_Task goal_: When writing out the entries below, keep only the lines from the line with "bambini felici e scuolabus vettore" to the line with "Vrac de milliers", both included, exactly as they are, and leave the pictures aside.

_Data for processing_:
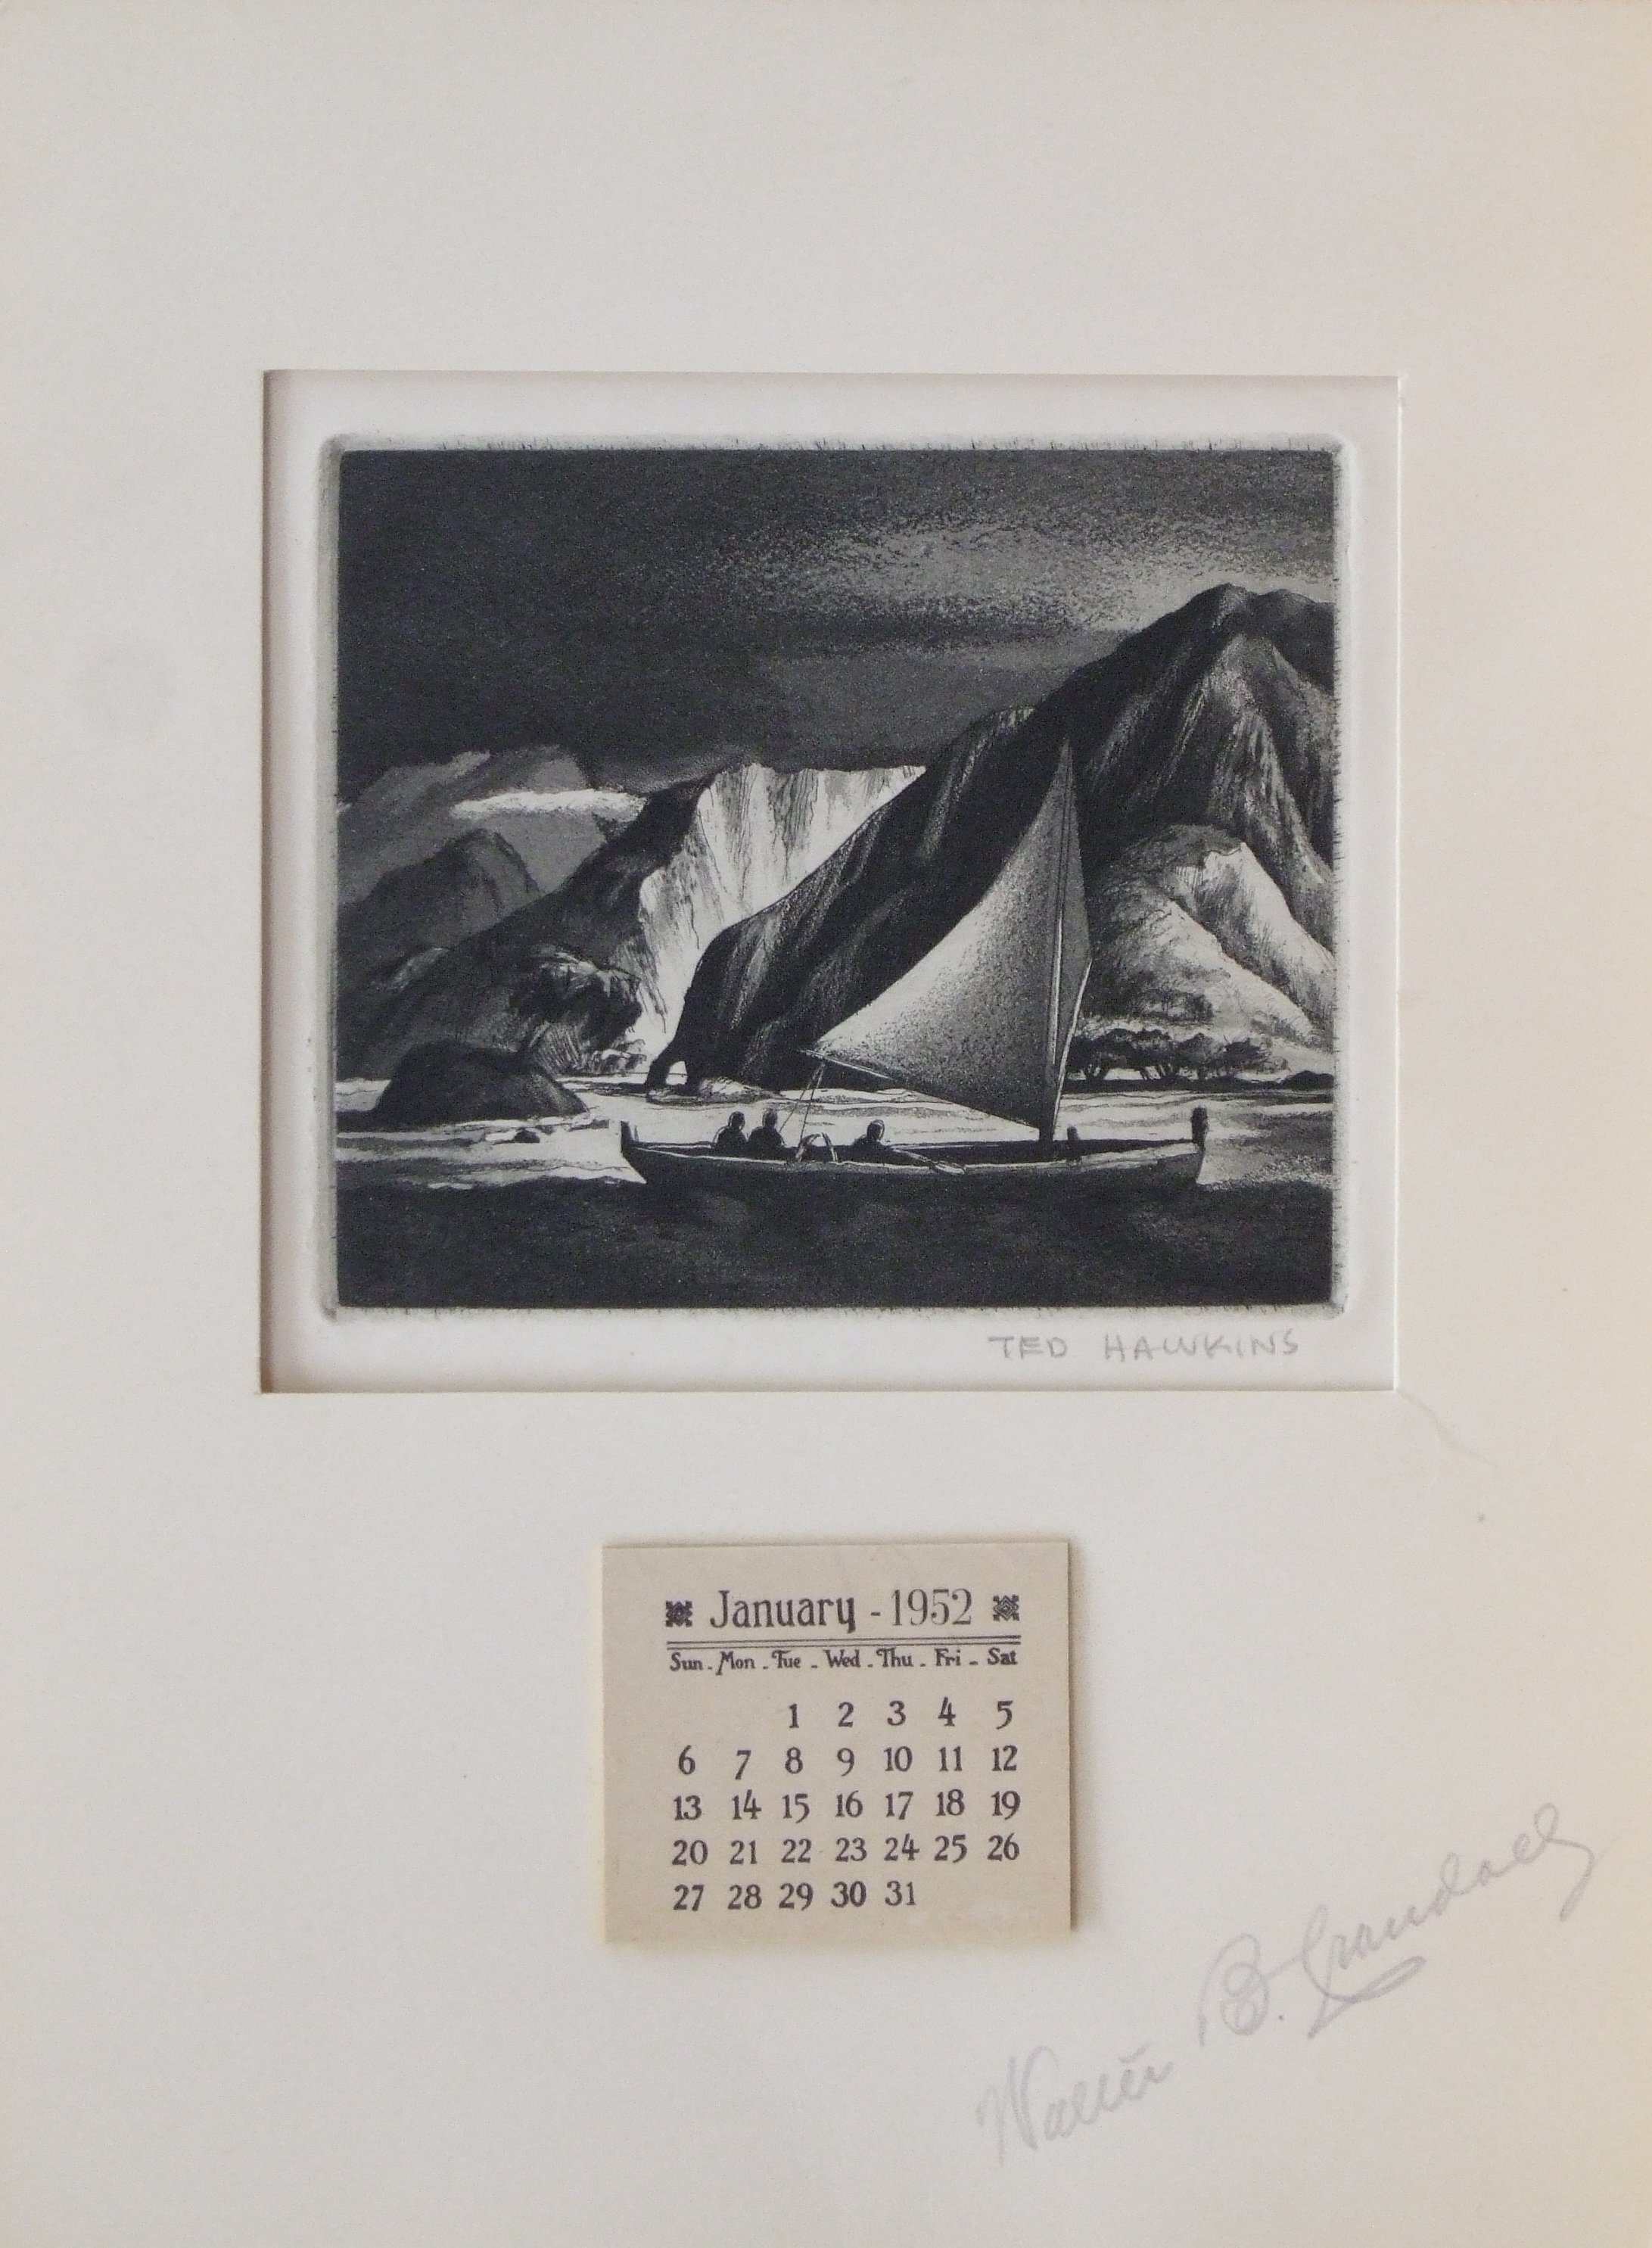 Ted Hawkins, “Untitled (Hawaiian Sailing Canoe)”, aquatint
==
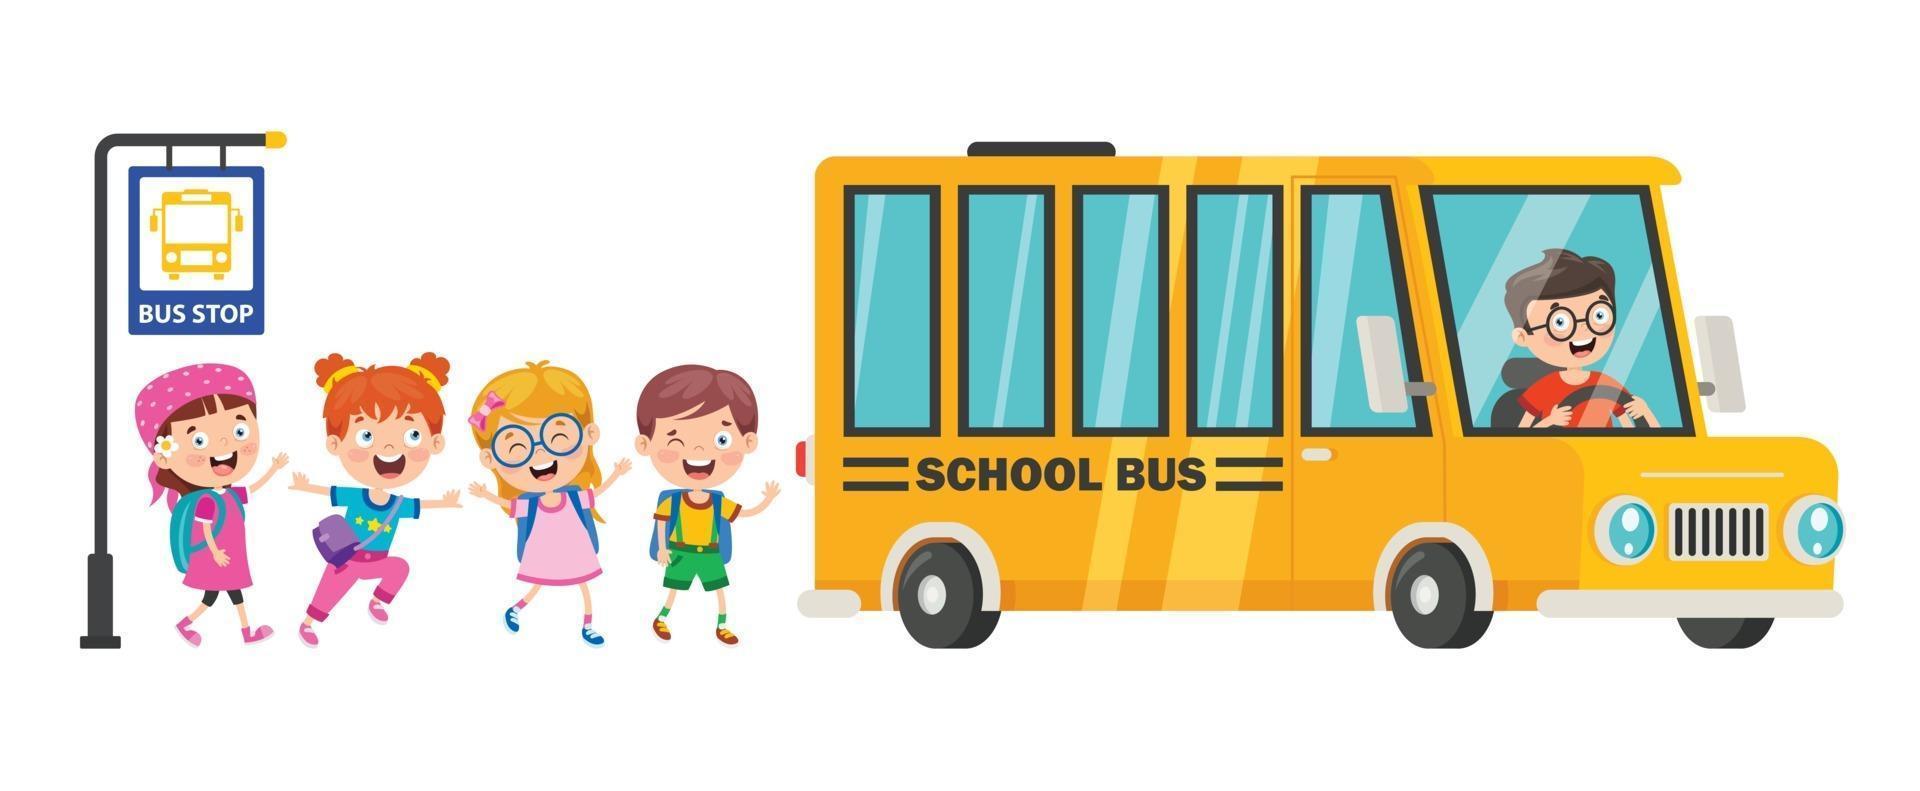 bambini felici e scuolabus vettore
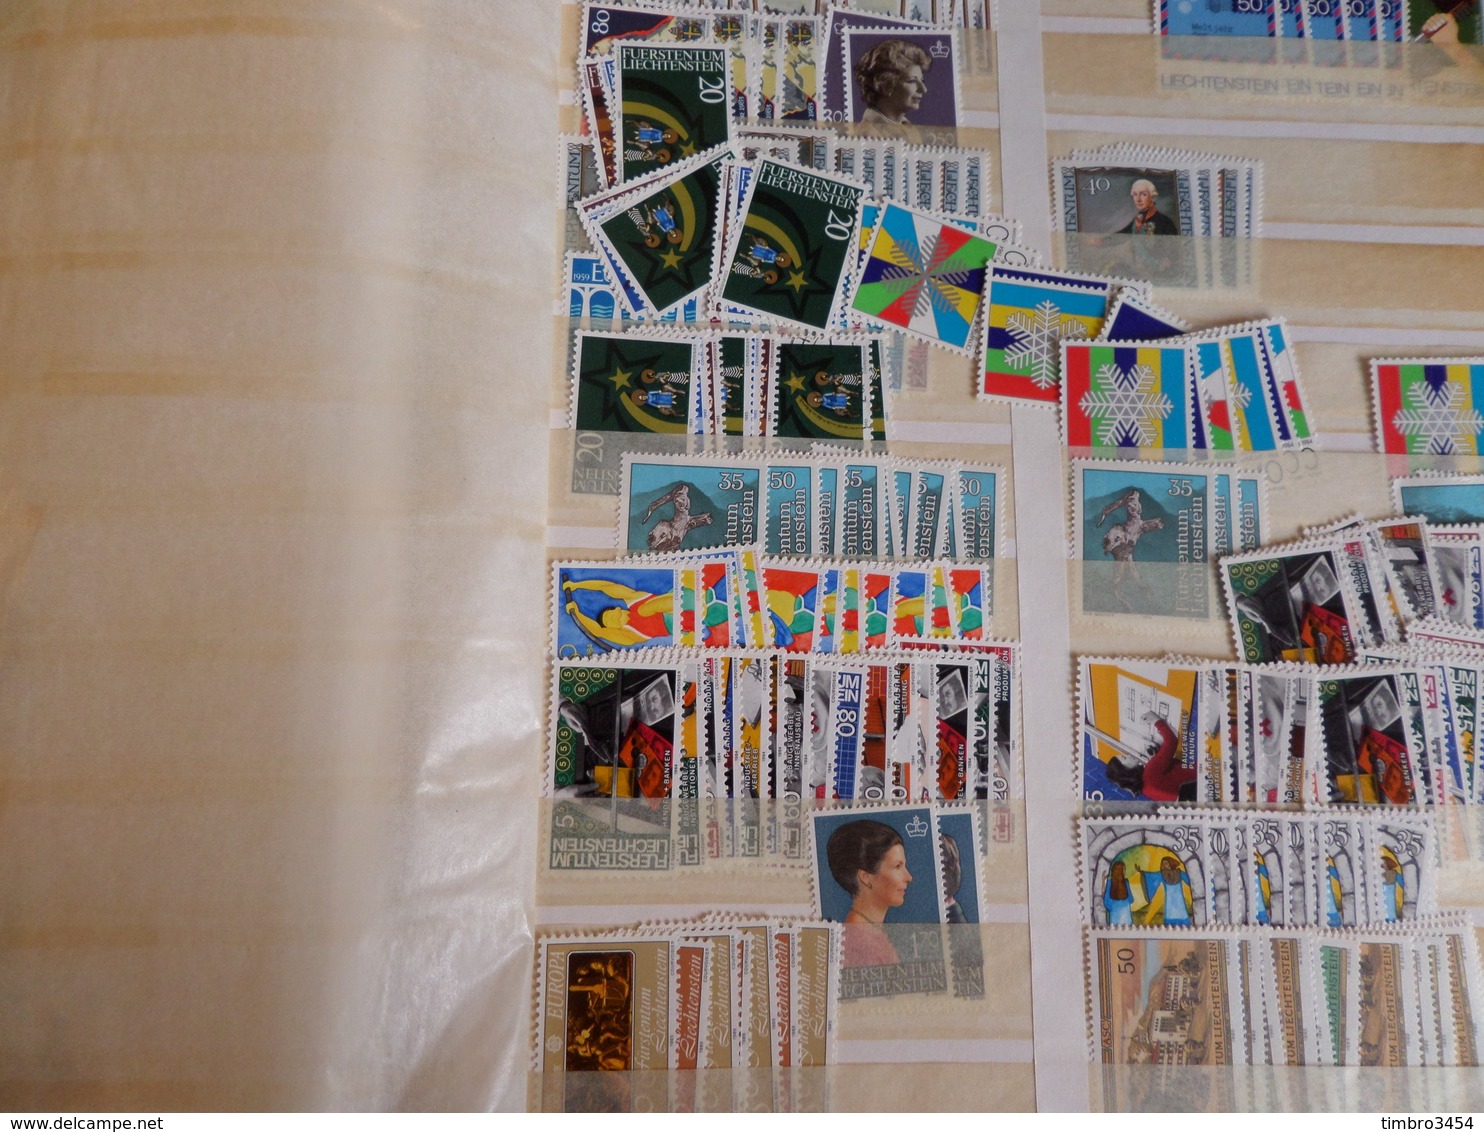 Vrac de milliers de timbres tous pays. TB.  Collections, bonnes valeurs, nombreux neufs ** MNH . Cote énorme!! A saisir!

_Result_:
 bambini felici e scuolabus vettore
 Vrac de milliers de timbres tous pays. TB.  Collections, bonnes valeurs, nombreux neufs ** MNH . Cote énorme!! A saisir!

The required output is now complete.